This paper explains the needs (or if you dare to agree to call them that, requirements) that we have for guaranteed-enforced contract assertions.
Multiple users in WG21 and outside it report a need to have contract assertions that are always enforced, either with the 'enforce' semantic or the 'quick_enforce' semantic.
Such contract assertions are a memory-safety facility. That is why they need to be always-enforced, so that the subsequent code that they protect is guaranteed not to be entered if the predicate of the assertion evaluates to false.
This is similar to the requirements of a hardened standard library. It's paramount that when hardened, violations of hardened preconditions never ever lead to the library function to be entered, possibly hitting undefined behavior in the function.
The requirements here are fundamentally different from the ones of P2900 contracts. The next section goes into more detail on that.
A guaranteed assertion must be enforced at least once, but that turns out to be exactly once. The reason for this is that since these assertions are always-enforced, that needs to be as low-overhead as possible, to avoid suggesting to users that there's a performance reason *not* to use them. Granted, while deployment experience with such assertions suggests that such performance reasons do not actually exist, a significant reason for that is that the deployed solutions do not enforce the assertions any more times than exactly once.
A guaranteed function contract assertion must be enforced even if the call to a function is indirect. Both for free functions and member functions, so calls via pointers to functions and via pointers to member functions also have to enforce the assertions. Otherwise the desired guarantee is lost, and the function contract assertion doesn't provide the memory-safety it has to provide.
That means that *semantically*, the assertions have to be enforced as-if they are enforced in the function definition.
That does *not* mean that any of the suggested implementation strategies in P3267 are precluded; any as-if implementation is allowed, *as always*. But this semantic requirement needs to be there nonetheless, there cannot be room for allowing the contracts to not be enforced because a caller-client-side enforcement strategy is chosen and that then can't enforce in case an indirection is used, because the caller-client site wouldn't see a function contract assertion due to the use of an indirection.
The exception translation that P2900 contract assertions do has a cost. There might be work-arounds that alleviate that cost, but many work-arounds don't completely get rid of the (code size and run-time performance) cost of the translation.
It's of fundamental importance that memory-safety assertions are as low-cost as possible - again to avoid suggesting to users not to use them, and because they are always "on", always enforced.
Furthermore, always-enforced assertions are not "ghost code". There's no actual surprise if they let exceptions escape, and that never happens in a conditional fashion depending on any build mode.
Both of those aspects make the P2900 for exception translation not hold, but the efficiency one is compelling in and of itself.
The solution to these aspects is to make it so that if the predicate throws an exception, the contract assertion doesn't handle that exception in any way, i.e. lets it through, i.e. propagates it, i.e. throws the same exception.
For a memory-safety facility, it's rather useful to understand what the predicate expression is, and not require that understanding to understand an invisible translation of the expression.
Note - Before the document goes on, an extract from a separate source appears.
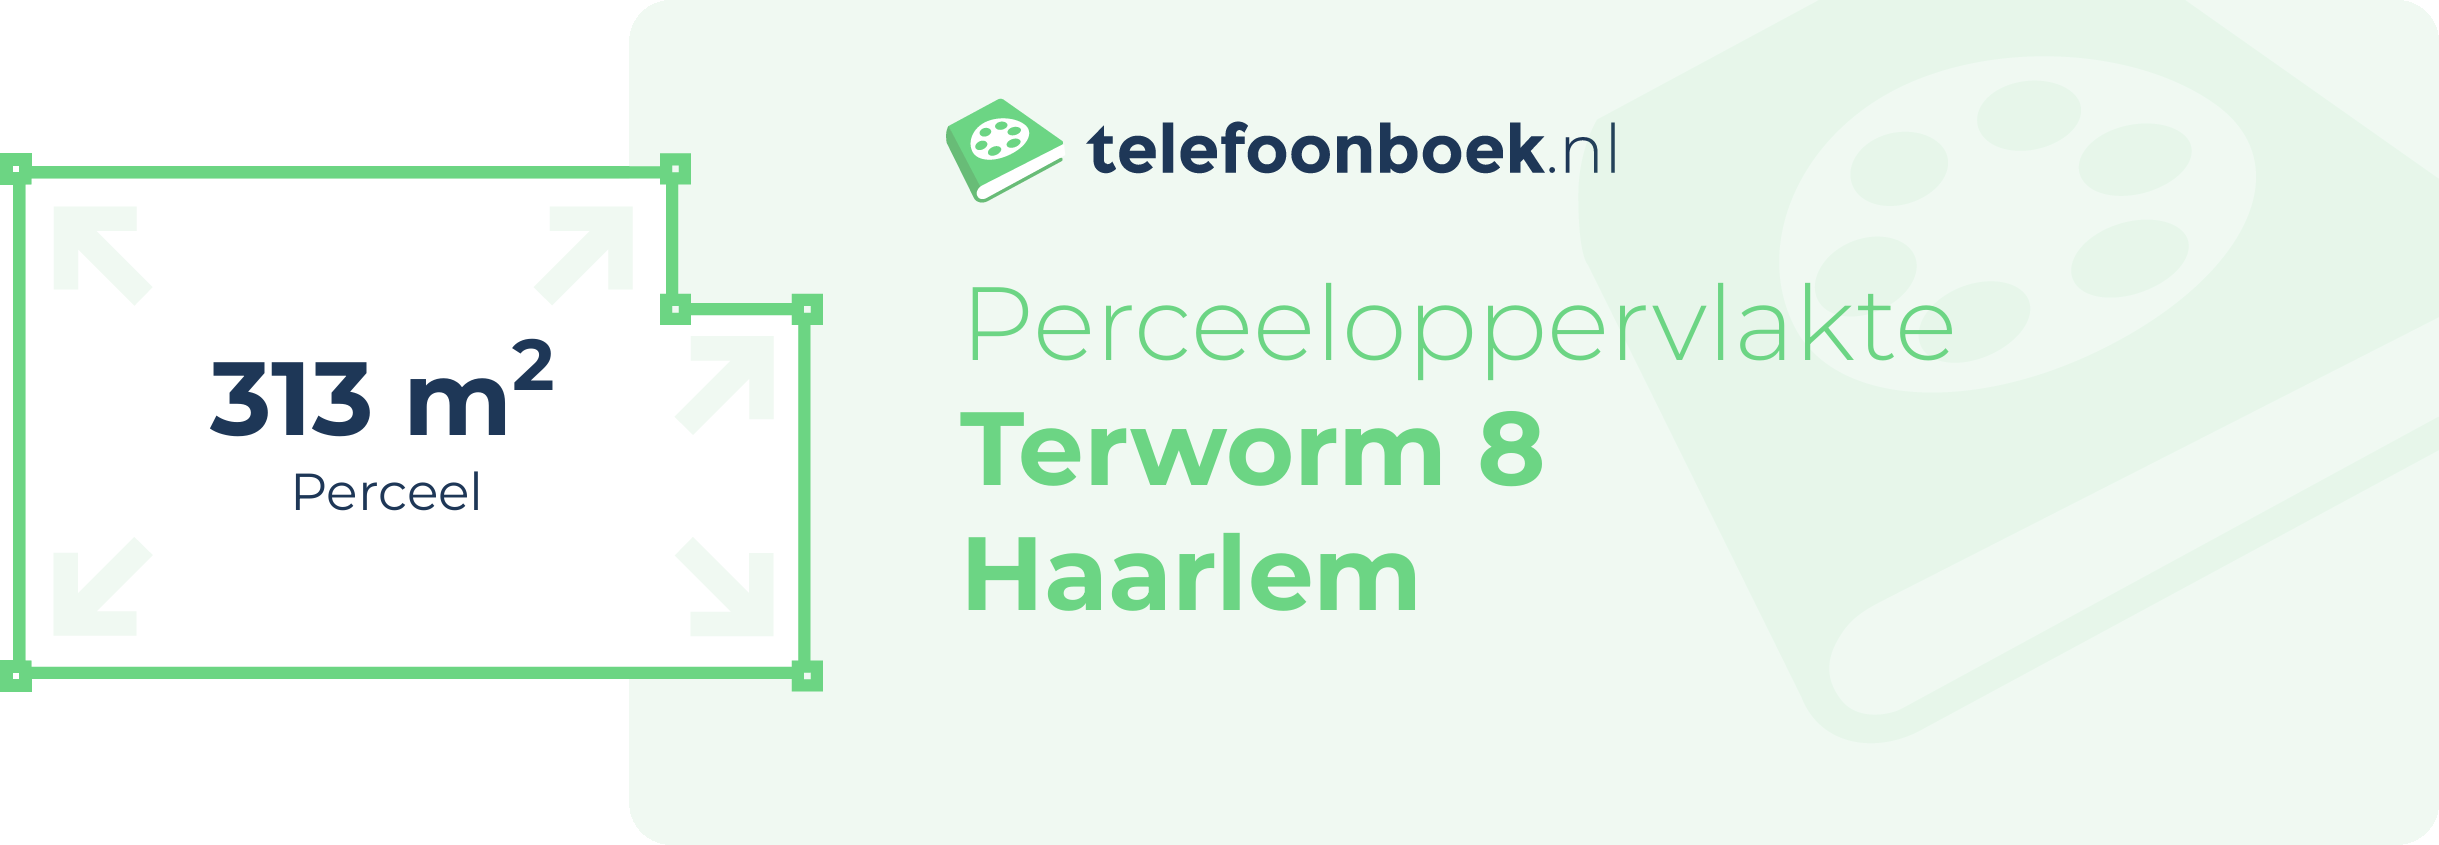 Perceeloppervlakte Terworm 8 Haarlem

There are also non-quantified costs for all sorts of analyses of such expressions for various tools, including optimizers, and also including static analysis tools. The translated expressions mean that there's more expressions to analyze, more expressions to prove equivalent, and costs thereof. While the design of P2900 may have chosen not to really investigate those costs, the prudent approach is to not have those costs at all for memory-safety assertions.
The nature of being always-enforced also removes a large part of the concerns about side effects. When always-enforced assertions are enforced exactly once, side effects are manageable. While it might sound like a nice idea to discourage side effects, constification indeed merely discourages them, but doesn't prevent them. There's no concerns about how many times side effects occur, and no concerns about whether they occur. They occur. Once.
A relatively obvious question is what should happen if P2900 contracts and guaranteed-enforced contracts are mixed in one function declaration, i.e.
The easy part is the guaranteed enforcing of the guaranteed-enforced contract - including the part where it's guaranteed to be enforced even when the function is called indirectly. Those requirements are paramount, and non-negotiable.void f(int* p) pre!(p) pre(*p != 42);
What we should do here, then, is that all contract assertions,
whether always-enforced or flexible-semantic ones, are evaluated
in the lexical order. Therefore the pre!(p) above
should be evaluated and enforced before the pre(*p != 42)
is
What follows from that is that we can't have the different contracts be evaluated on different sides of a caller/definition boundary, that is, we can't evaluate the flexible-semantic contracts on the caller-client-side and the enforced ones on the definition-side, because that could mean that the order changes. So for such mixtures, we need to evaluate all function contract assertions of a function on the definition-side (to make sure the guaranteed-enforced ones are enforced even when calling indirectly through a pointer-to-function).
Guaranteed-enforced contracts must be enforced, and they must be enforced even if indirections are used for the call.
Which means that we have to guarantee such evaluations on the definition-side, and that will mean that guaranteed-enforced contracts are automatically inherited, so that by default they are there, enabled, and enforced, and that doesn't need to be separately requested.
Whether a derived class is allowed to explicitly turn off a base class contract is a separate consideration that can certainly be entertained. There are arguments both ways, and this separate concern needs to be looked at and prototyped, but entertaining such an ability to turn off a guaranteed-enforced base class contract can be done after contracts on virtual functions are added to C++, because it's plausibly going to be an explicit opt-in with additional syntax, not a different meaning for a plainer syntax.